Description
We are the Kandinsky team, creating and developing core technologies for generative image and video models. Our models are capable of generating photorealistic scenes, stylized illustrations, and video clips from text descriptions, editing visual content, and working in multimodal scenarios.
Currently, we are strengthening our model quality assessment and benchmarking direction. We are looking for a Lead for the AI Quality & Benchmarking team who will take ownership of the quality of generative models and influence decisions regarding releases, development, and comparison with the best global counterparts.
Responsibilities
- Full ownership of the generative model quality assessment track (Image / Video / Multimodal).
- Designing, developing, and maintaining quality benchmarks: SBS, point-wise, pairwise, human-in-the-loop.
- Forming and developing a system of quality metrics: prompt adherence, knowledge, visual quality, stability, safety.
- Supporting and developing internal model leaderboards (quality, latency, inference cost).
- Analyzing quality regressions between model versions, identifying root causes of degradations.
- Collecting, systematizing, and prioritizing quality feedback from users and ML / Product teams.
- Formulating and defending go / no-go decisions for model releases based on data and metrics.
- Regular analysis and preparation of reports on competitor models (open-source and proprietary).
Requirements
- Higher education in mathematics, applied mathematics, computer science, data science, ML, or related fields.
- 4+ years of experience in Data Science / ML / Applied Research, with significant focus on model quality assessment.
- Deep understanding of the principles of generative models (V-LLM / diffusion / multimodal) and their limitations.
- Practical experience in designing and maintaining model quality assessment systems (offline and online evaluation).

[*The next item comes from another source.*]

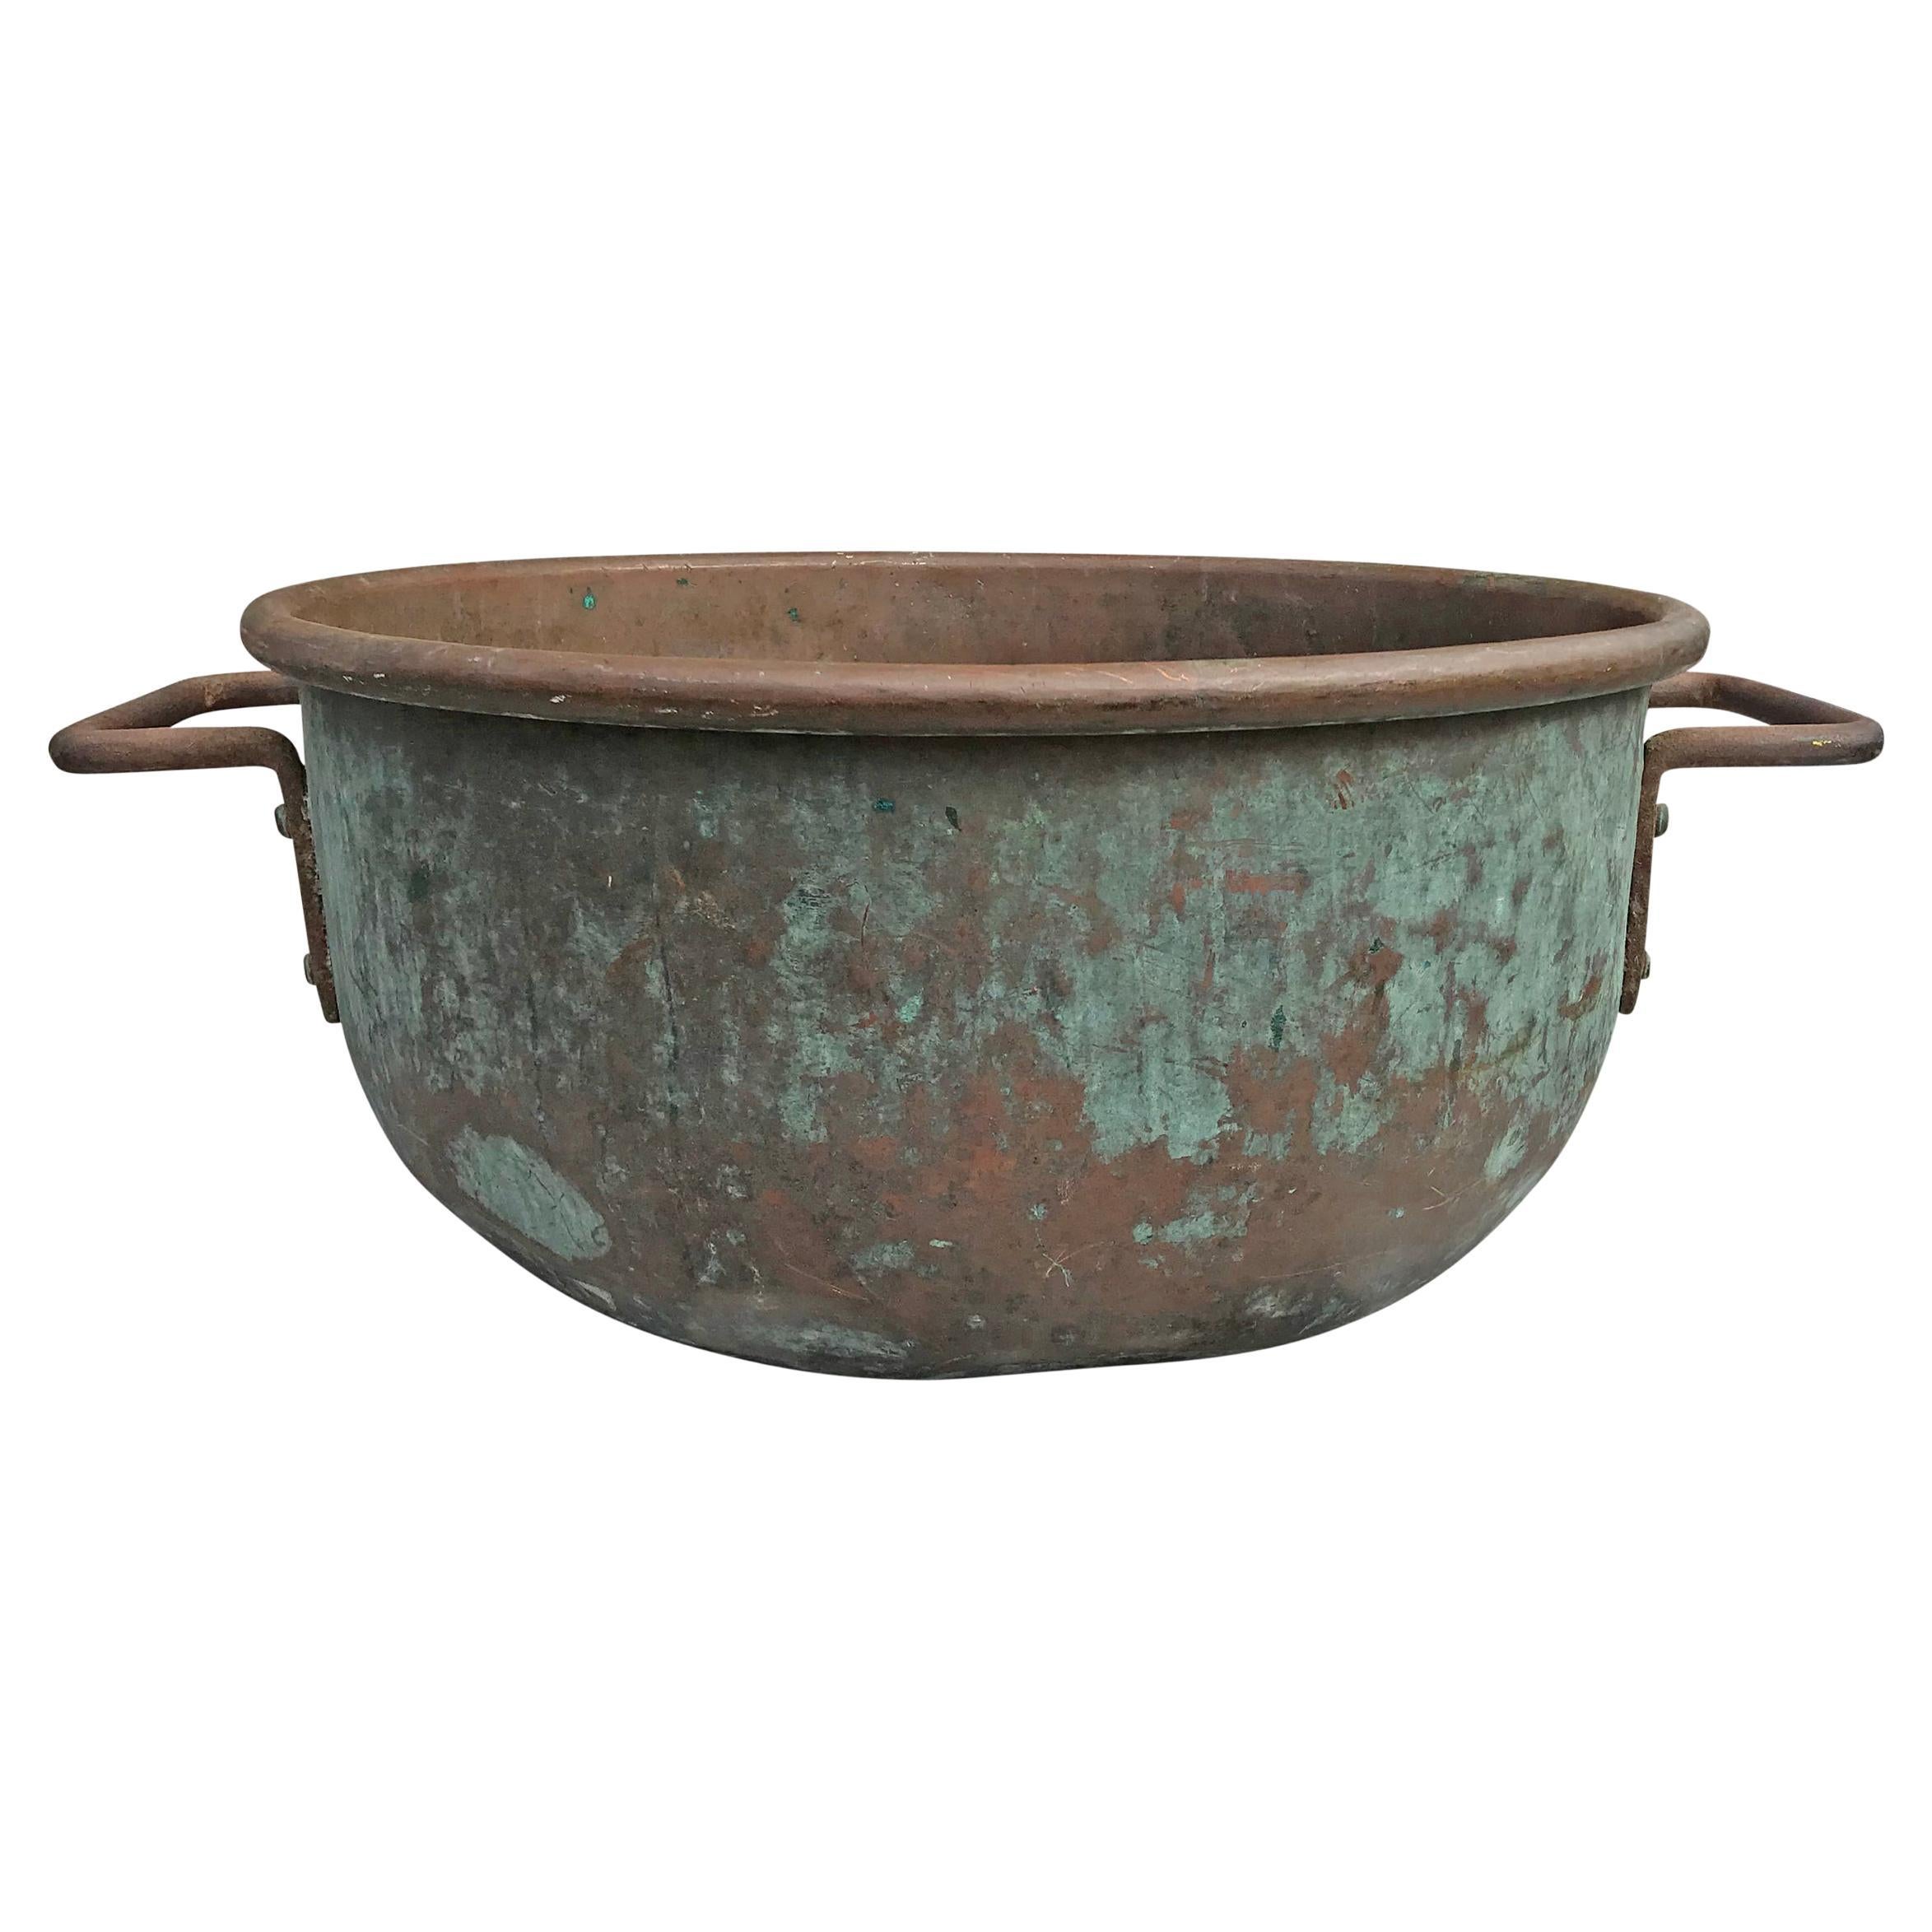 Early 20th Century American Copper Confectioner's Pot

- Ability to independently formulate quality metrics and make architectural decisions regarding evaluation pipelines.
- Strong analytical background: working with statistics, interpreting metrics, assessing significance, analyzing trade-offs (quality ↔ stability ↔ cost).
- Proficient knowledge of Python (Pandas, NumPy, SciPy), experience with SQL.
- Experience with human evaluation, subjective metrics, and data labeling processes.
- Ability to clearly formulate conclusions and communicate decisions to ML, Product, and management.
Conditions
- Largest DS&AI community — over 600 DS specialists from the bank.
- Digest of the latest developments in DS&AI and reports from the world's largest conferences.
- Opportunity to be a co-author of research papers and articles for international conferences.
- Opportunity to choose a convenient work format: hybrid or office.
- Annual salary review, annual bonus.
- Corporate gym and relaxation areas.
- Over 400 educational programs from SberUniversity for professional and career development.
- Extended voluntary health insurance (DMS), preferential insurance for family, and corporate pension program.
- Mortgage rates more favorable by up to 7% for every employee.
- Free SberPrime+ subscription, discounts on products from partner companies.
- Referral bonus for recommending friends to the Sber team.